Commercial Fishing: How Fish Get From the High Seas to Your Supermarket

   
  The thin mesh of the net slices into the flesh of many fish, causing blood loss and strangling them in the water or in the net as it is dragged aboard.  

Gill Nets

Gill nets hang like massive curtains in the oceans, drifting with the currents. Ranging from 200 feet to more than a mile in length, gill nets are weighted at the bottom and held upright by floats at the top, creating what some have deemed “walls of death.” Fish are unable to see the netting, and unless the mesh size is larger than the fish, they get stuck. When they try to back out, the netting catches them by their gills or fins, and many suffocate. Others struggle so desperately in the sharp mesh that they bleed to death.

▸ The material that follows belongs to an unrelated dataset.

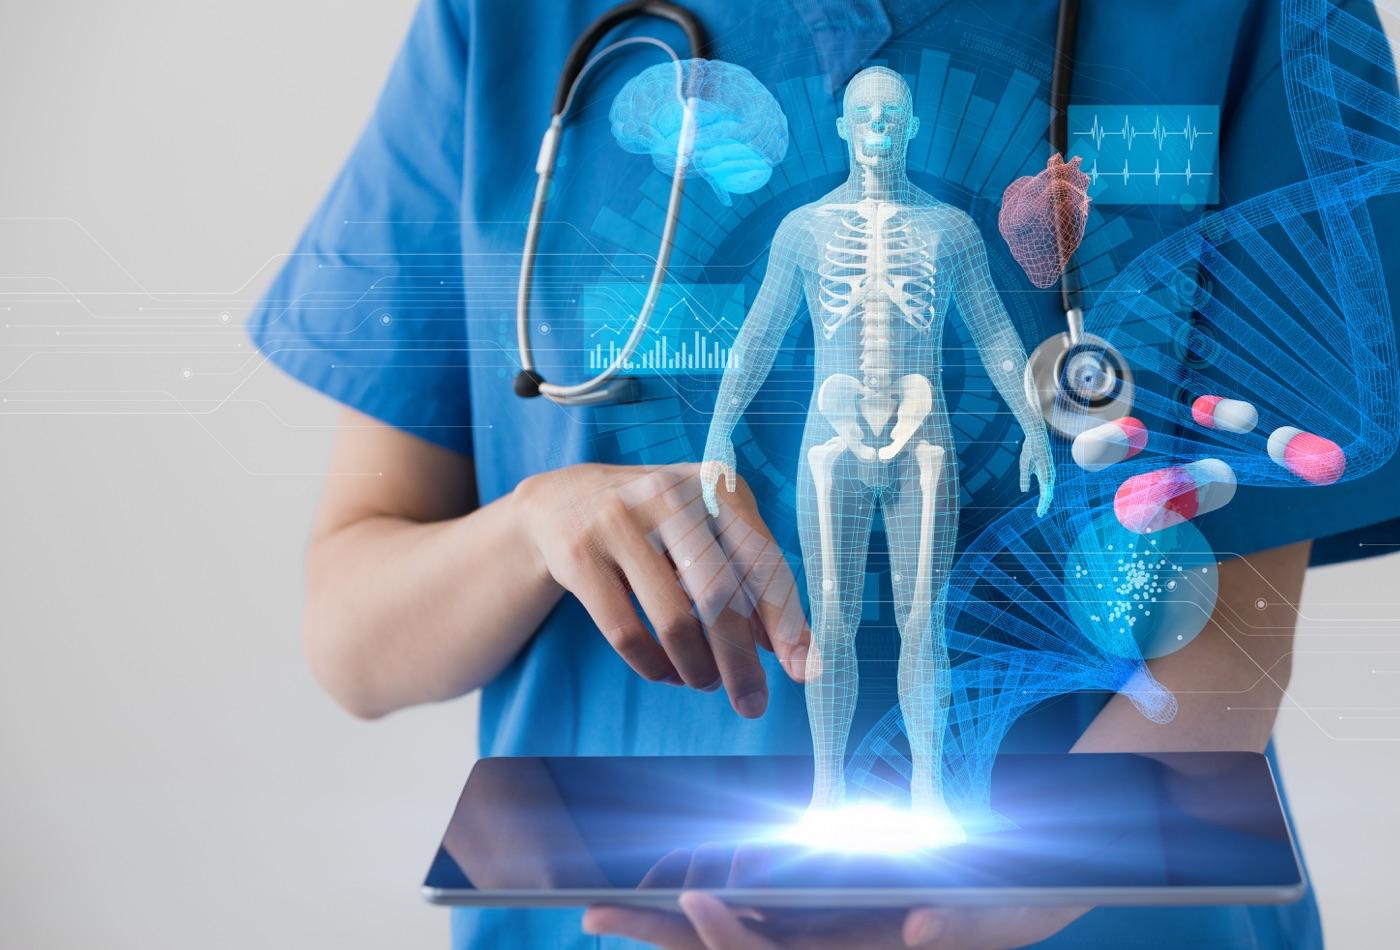 KKR在华成立医院管理平台仁康投资(深圳)有限责任公司旨在为广大中国患者提供优质的医疗服务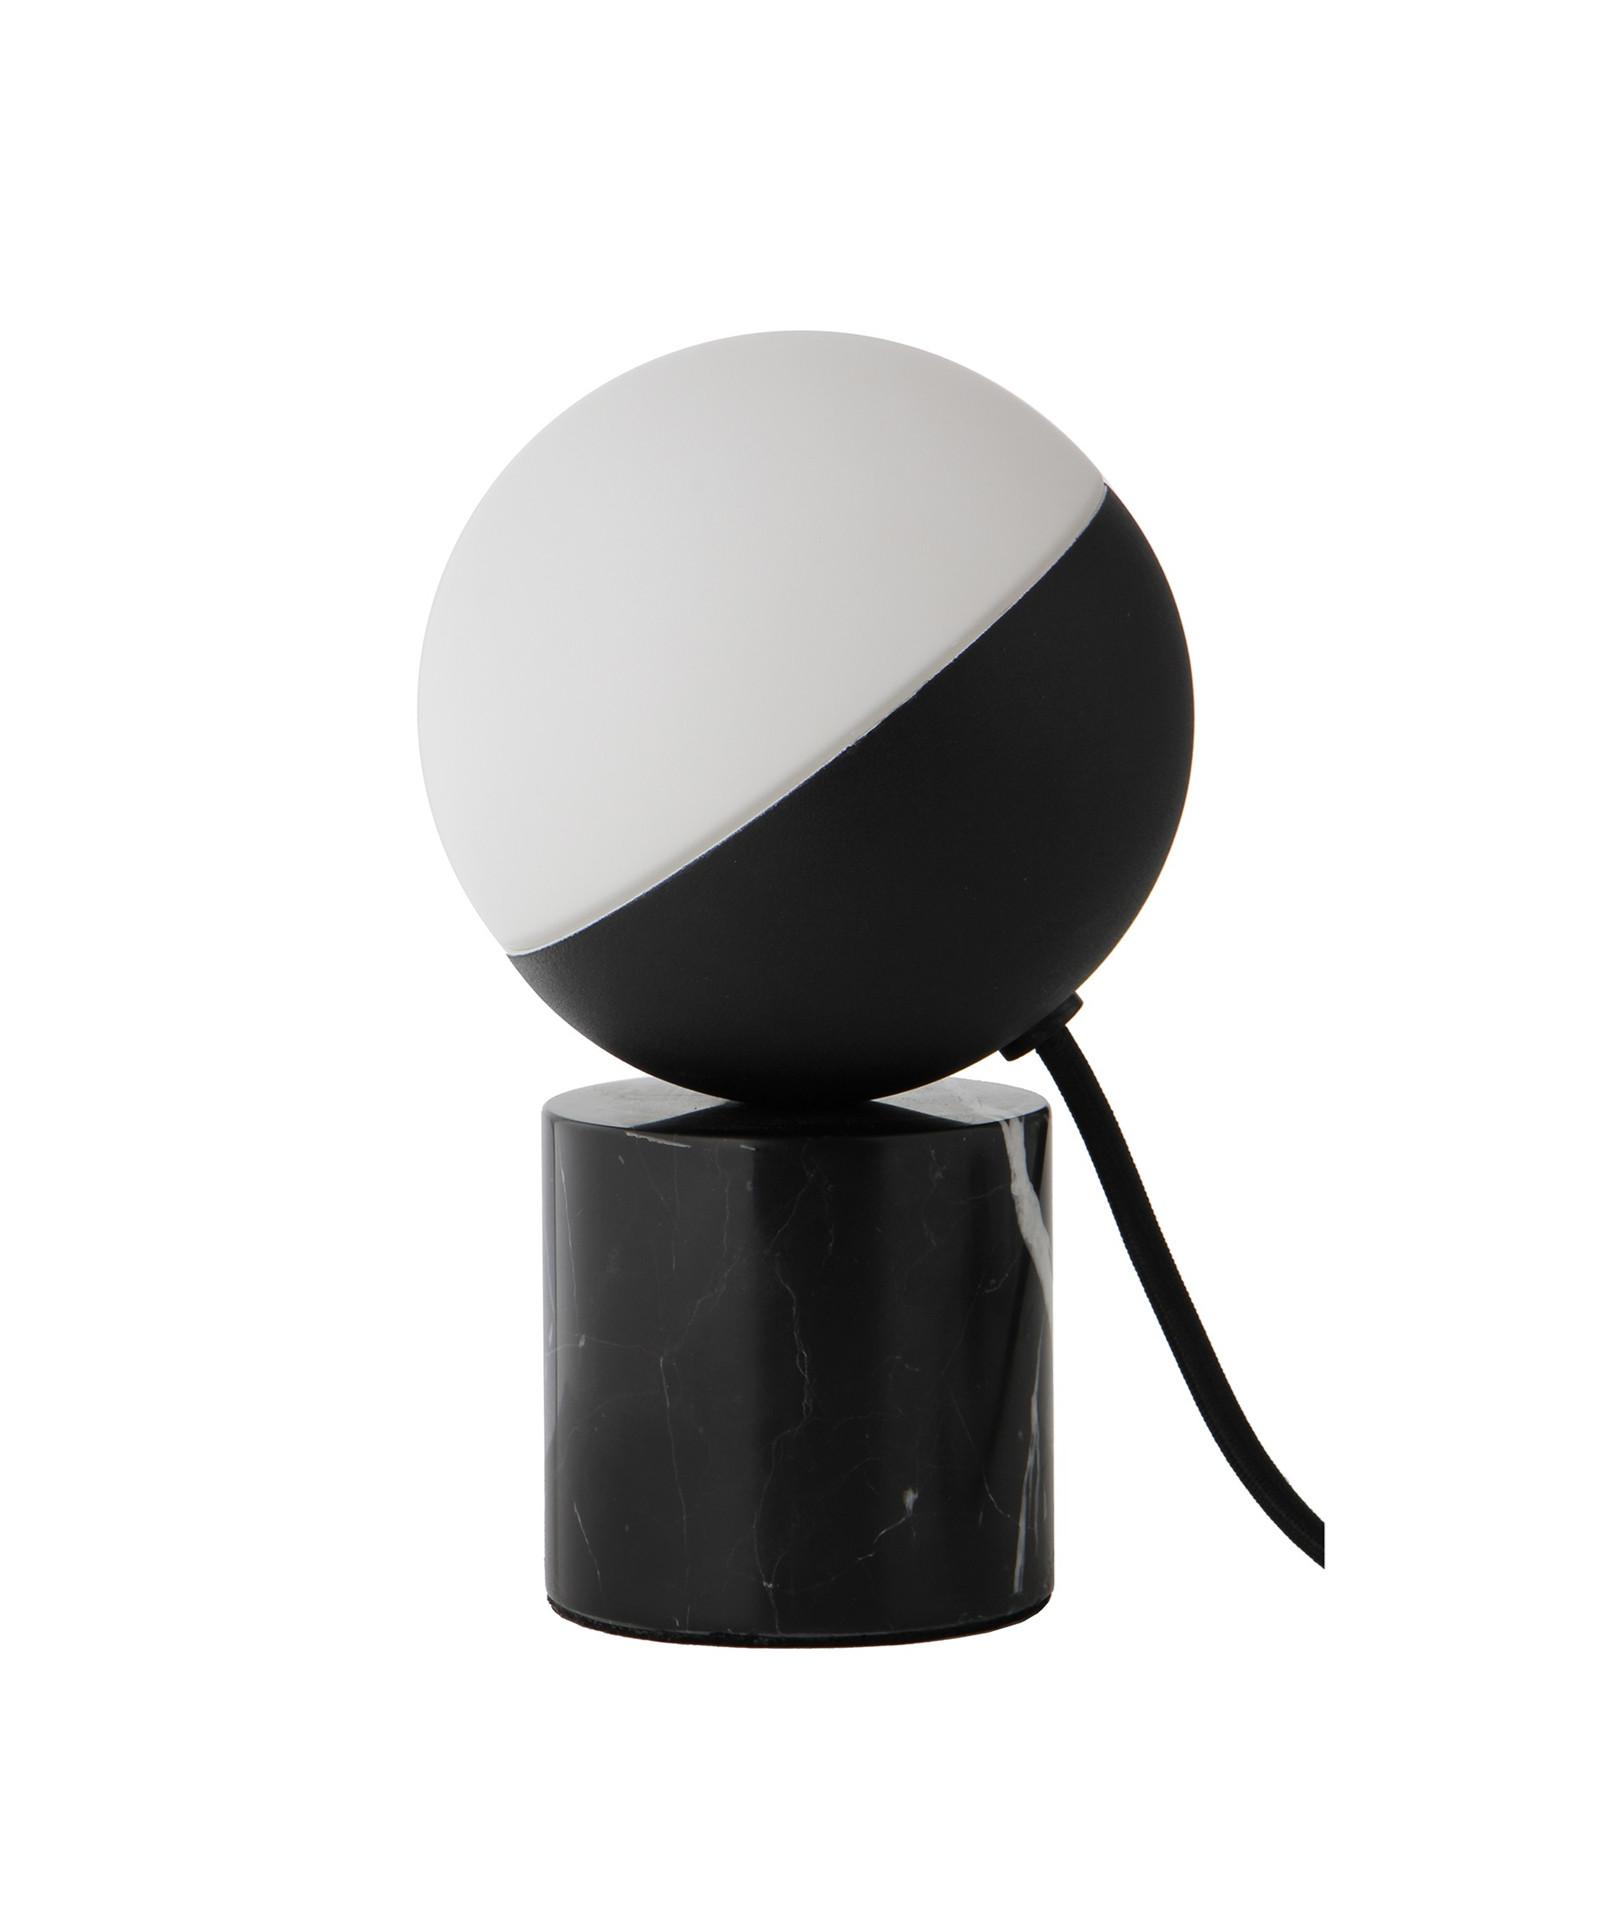 Image of Fabian Mini Bordlampe Mat Sort/Sort Marmor/Opal Hvid - Frandsen (5702410286184)

Because gill nets are set and then left unmonitored, trapped fish may suffer for days. Many bleed to death before the ship returns to take them out of the ocean. Those who make it to the deck alive are ripped out of the net by hand. Fish who were caught deep in the ocean suffer from decompression, and the extreme change in pressure can cause their stomachs to be forced out of their mouths. Some boats cut the gills of fish so that the animals will bleed to death before being thrown onto piles of chopped ice; others toss live fish directly into the freezer compartment, where they slowly freeze to death—a horribly cruel and painful death for cold-blooded animals, who can take a very long time to freeze or suffocate to death.